On 17.08.2018 14:17, Alexander Turenko wrote:
> 0xffff is the result of 'end of a string' check as well as internal buffer
> overflow error. I have the relevant code pasted in the first review of
> the patch (July, 18).
>
> // source/common/ucnv.c::ucnv_getNextUChar
> 1860     s=*source;
> 1861     if(sourceLimit<s) {
> 1862         *err=U_ILLEGAL_ARGUMENT_ERROR;
> 1863         return 0xffff;
> 1864     }
>
> We should not handle the buffer overflow case as an invalid symbol. Of
> course we should not handle it as the 'end of the string' situation.
> Ideally we should perform pointer myself and raise an error in case of
> 0xffff. I had thought that a buffer overflow error is unlikely to meet,
> but you are right: we should differentiate these situations.
>
> In one of the previous version of a patch we perform this check like so:
>
> #define Utf8Read(s, e) (((s) < (e)) ?\
> 	ucnv_getNextUChar(pUtf8conv, &s, e, &status) : 0)
>
> Don't sure why it was changed. Maybe it is try to correctly handle '\0'
> symbol (it is valid unicode character)?

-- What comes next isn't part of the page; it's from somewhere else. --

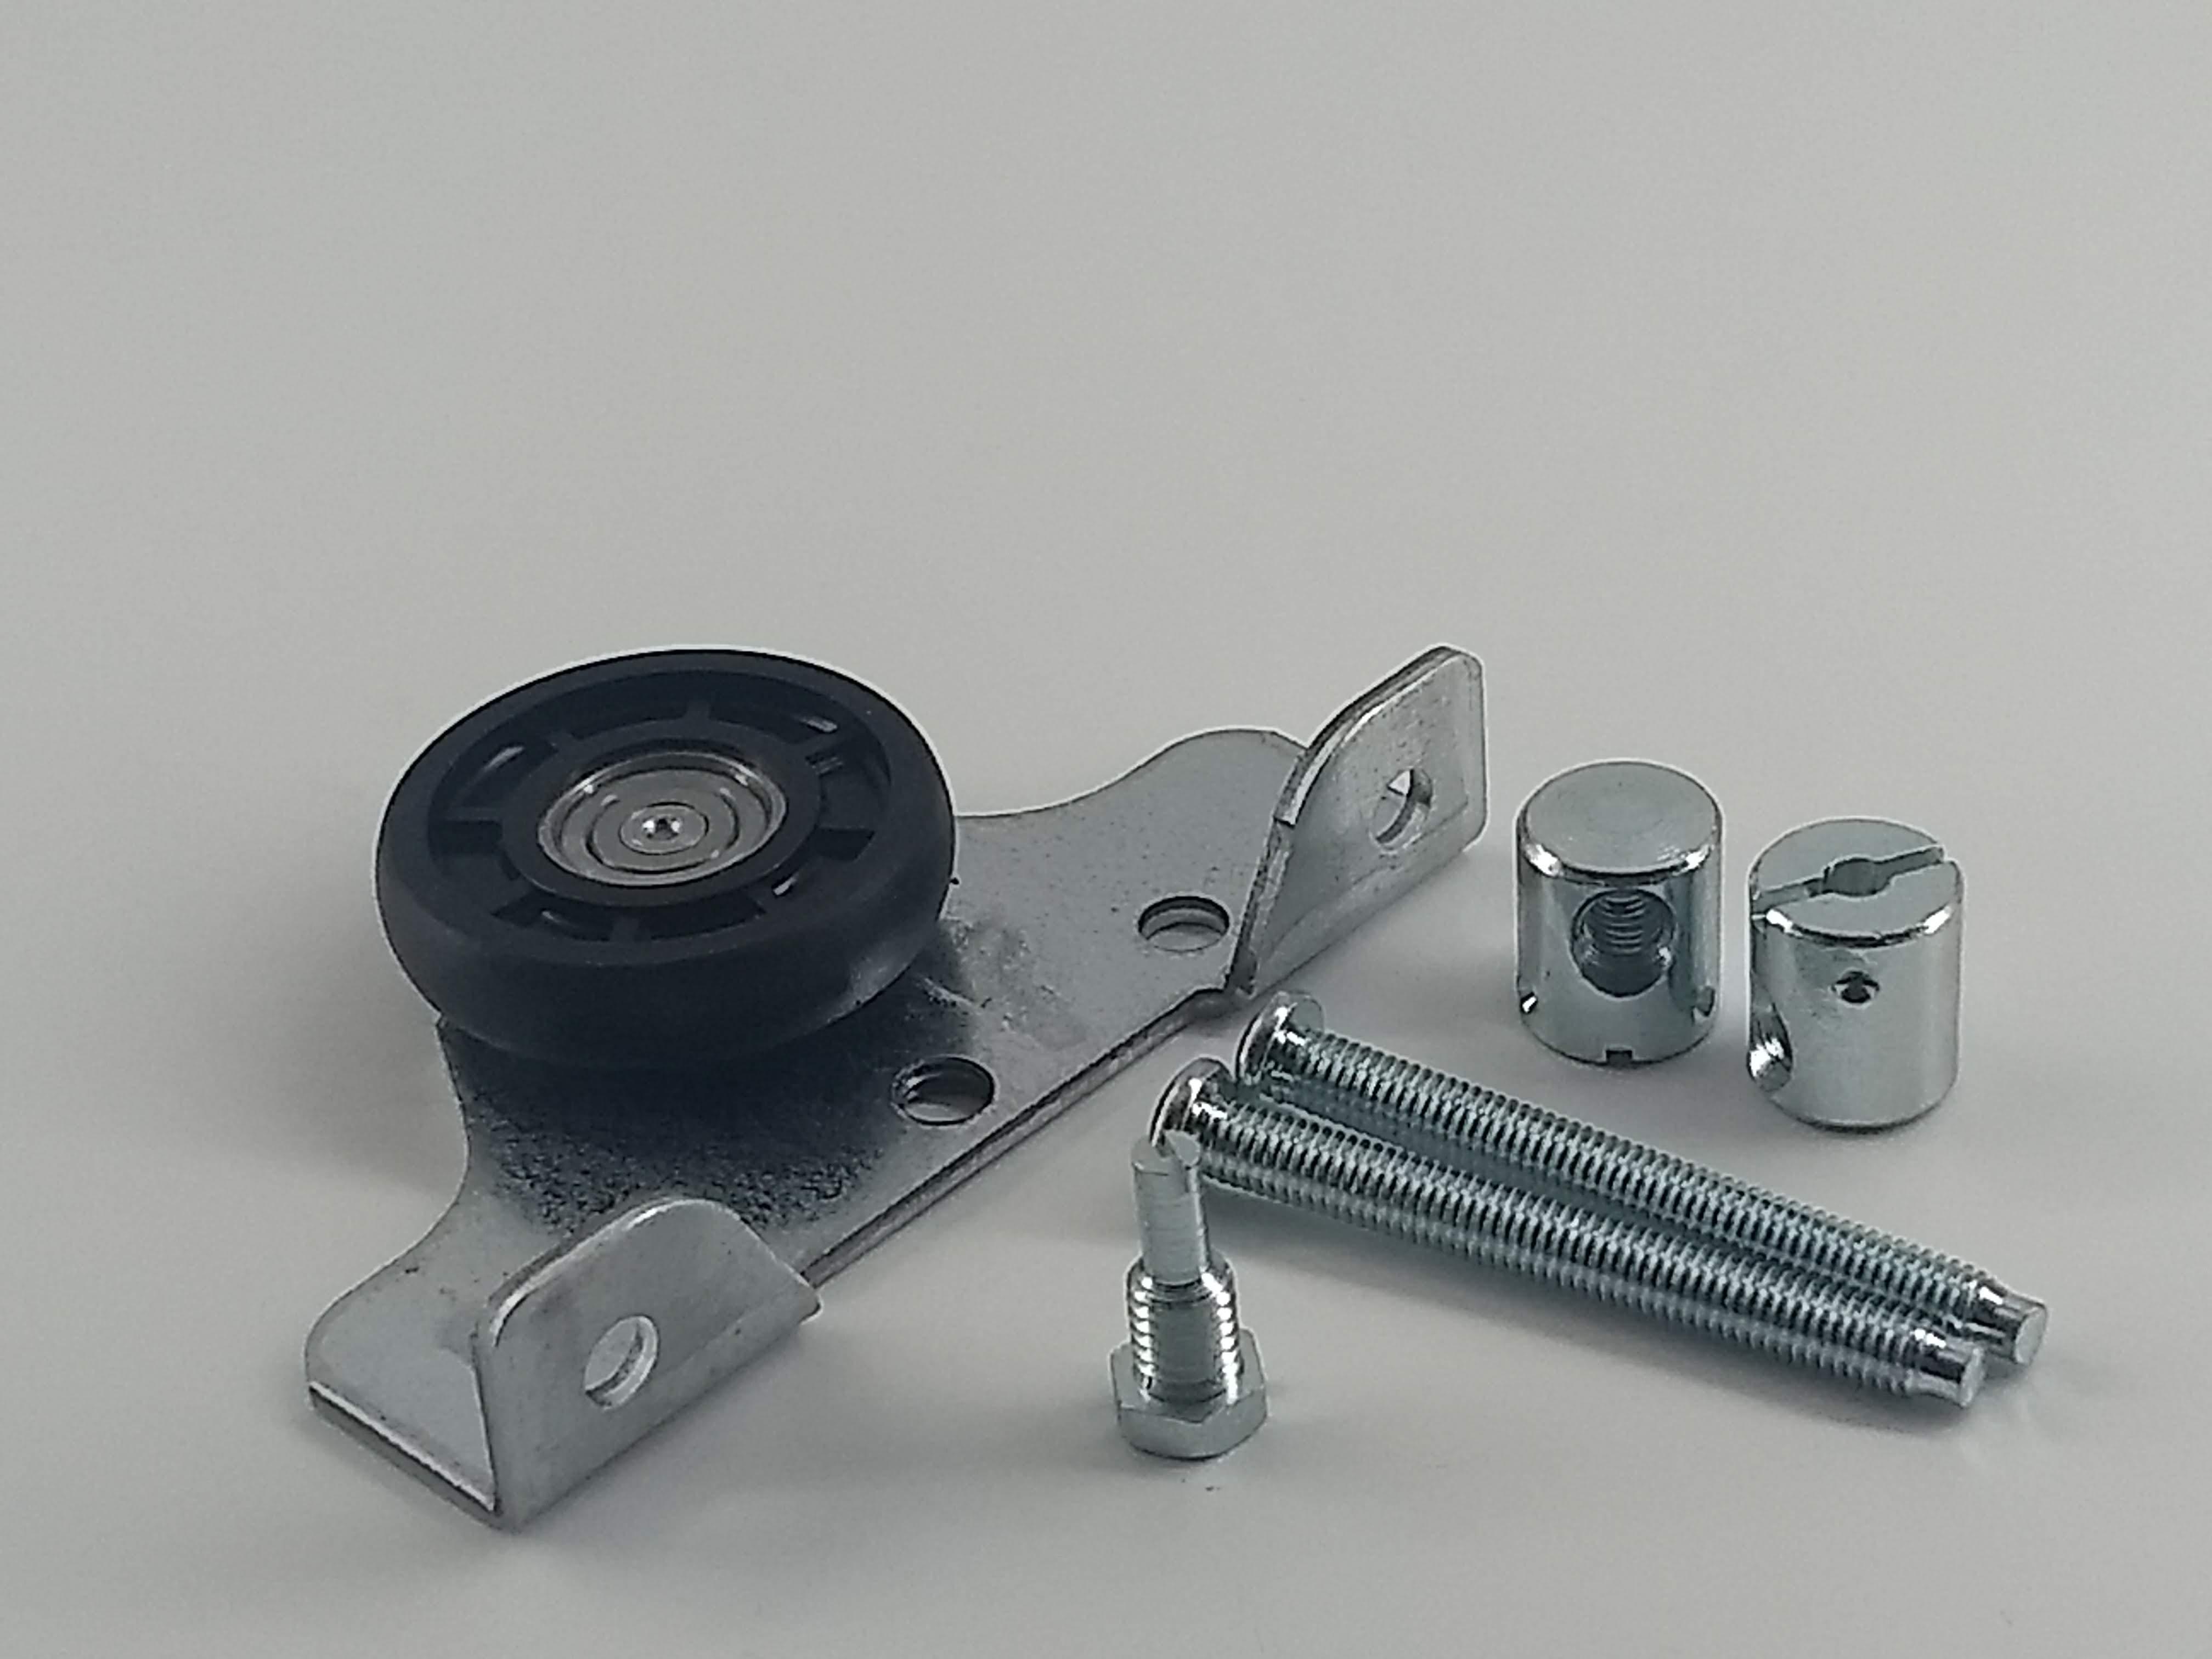 Livindo 1 Stck. Laufteil für Schiebetürbeschlag mit Schrauben Schwebetüren-Kleiderschrank Hettich To

The define you have pasted can return 0xffff.
The reasons to change it back are described in the previous patchset.
In short:
1. It is equivalent to
    a. check s < e in a while loop
    b. read next character inside of where loop body.
2. In some usages of the code this check (s<e) was redundant (it was 
performed a couple lines above)
3. There is no reason to rewrite the old version of this function. (So, 
we decided to use old version of the function)
> So I see two ways to proceed:
>
> 1. Lean on icu's check and ignore possibility of the buffer overflow.
> 2. Use our own check and possibly meet '\0' problems.
> 3. Check for U_ILLEGAL_ARGUMENT_ERROR to treat as end of a string, raise
>     the error for other 0xffff.
>
> Alex, what do you suggests here?
As I understand, by now the 0xffff is used ONLY to handle the case of 
unexpectedly ended symbol.
E.g. some symbol consists of 2 characters, but the length of the input 
buffer is 1.
In my opinion this is the same as an invalid symbol.

I guess that internal buffer overflow cannot occur in the 
`ucnv_getNextChar` function.

I suppose that it is Nikitas duty to investigate this problem and 
explain it to us all. I just have noticed a strange usage.